Towards Revealing Key Factors in Mechanical Instability of Bioabsorbable Zn-Based Alloys for Vascular Stenting

Zn-based alloys are recognized as promising bioabsorbable materials for cardiovascular stents, due to their biocompatibility and favorable degradability as compared to Mg. However, both low strength and intrinsic mechanical instability arisen from strong strain rate sensitivity and strain softening behavior make development of Zn alloys challenging for stent applications. In this study, we developed binary Zn-4.0Ag and ternary Zn-4.0Ag-xMn (where x= 0.2-0.6wt%) alloys.

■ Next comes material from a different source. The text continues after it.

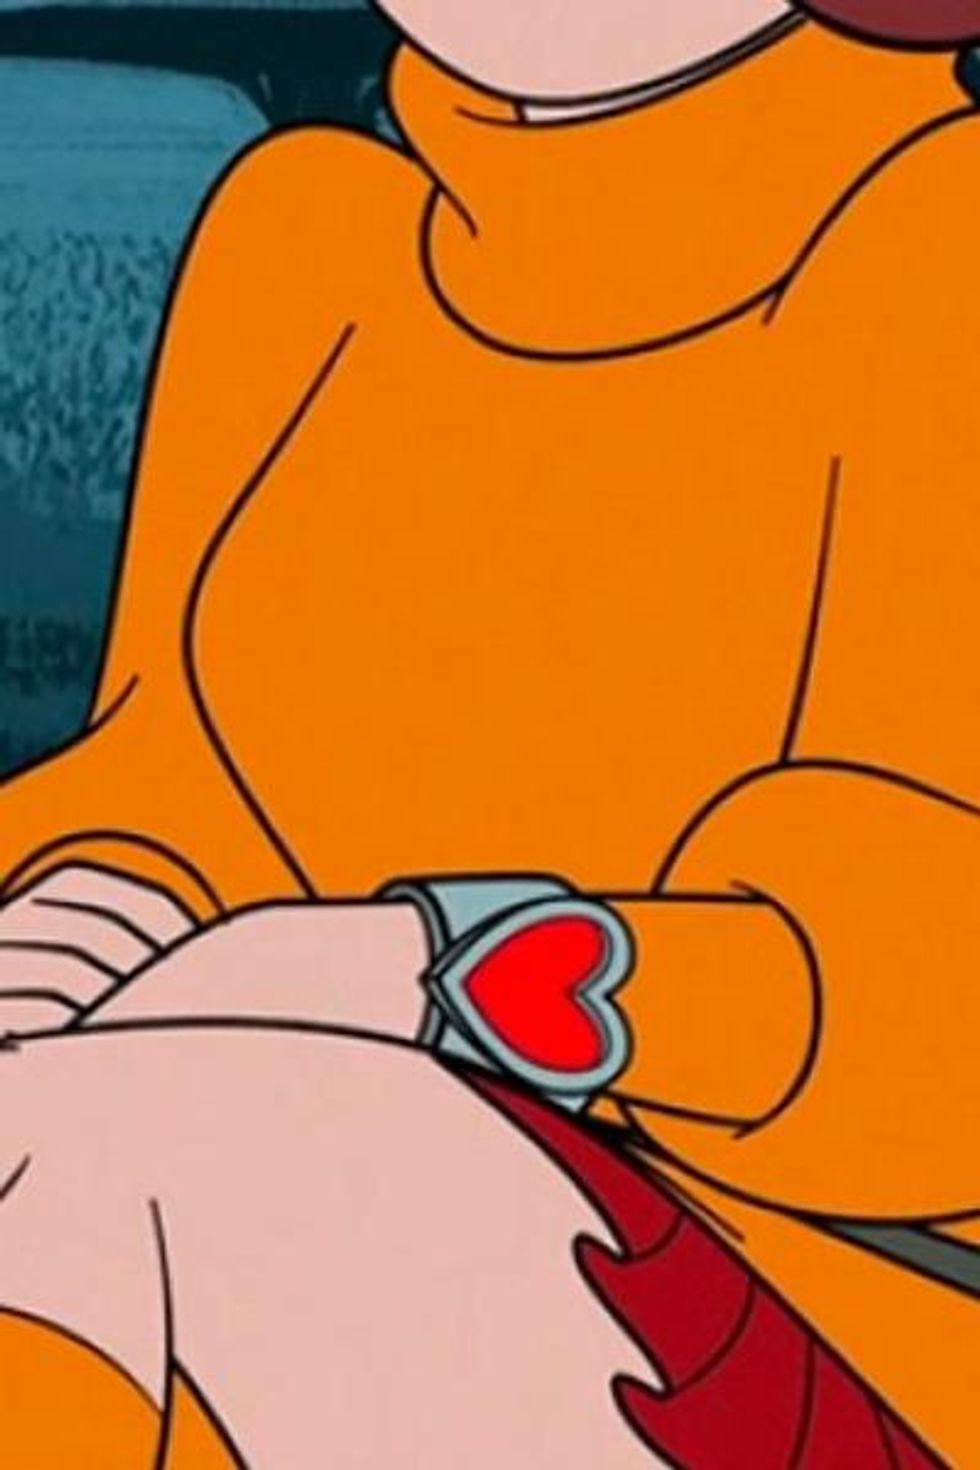 Velma wristband close up

An experimental methodology was designed by cold working followed by a thermal treatment on extruded alloys, through which the effects of the grain size and precipitates could be thoroughly investigated. Microstructural observations revealed a significant grain refinement during wire drawing, leading to an ultrafine-grained (UFG) structure with a size of 670nm and 240nm for the Zn-4.0Ag and Zn-4.0Ag-0.6Mn, respectively. Mn showed a powerful grain refining effect as it promoted the dynamic recrystallization. Furthermore, cold working resulted in dynamic precipitation of AgZn3 particles, distributing throughout the Zn matrix. Such precipitates triggered mechanical degradation through an activation of Zn/AgZn3 boundary sliding, reducing the tensile strength by 74% and 57% for Zn-4.0Ag and Zn-4.0Ag-0.6Mn, respectively. The observed precipitation softening caused strong strain rate sensitivity in cold drawn alloys. Short-time annealing significantly mitigated the mechanical instability by reducing the AgZn3 fraction. The ternary alloy wire showed superior microstructural stability to its Mn-free counterpart due to the pinning effect of Mn particles on the grain boundaries. Eventually, a shift of the corrosion regime from localized to more uniform was observed after the heat treatment, mainly due to the dissolution of AgZn3 precipitates.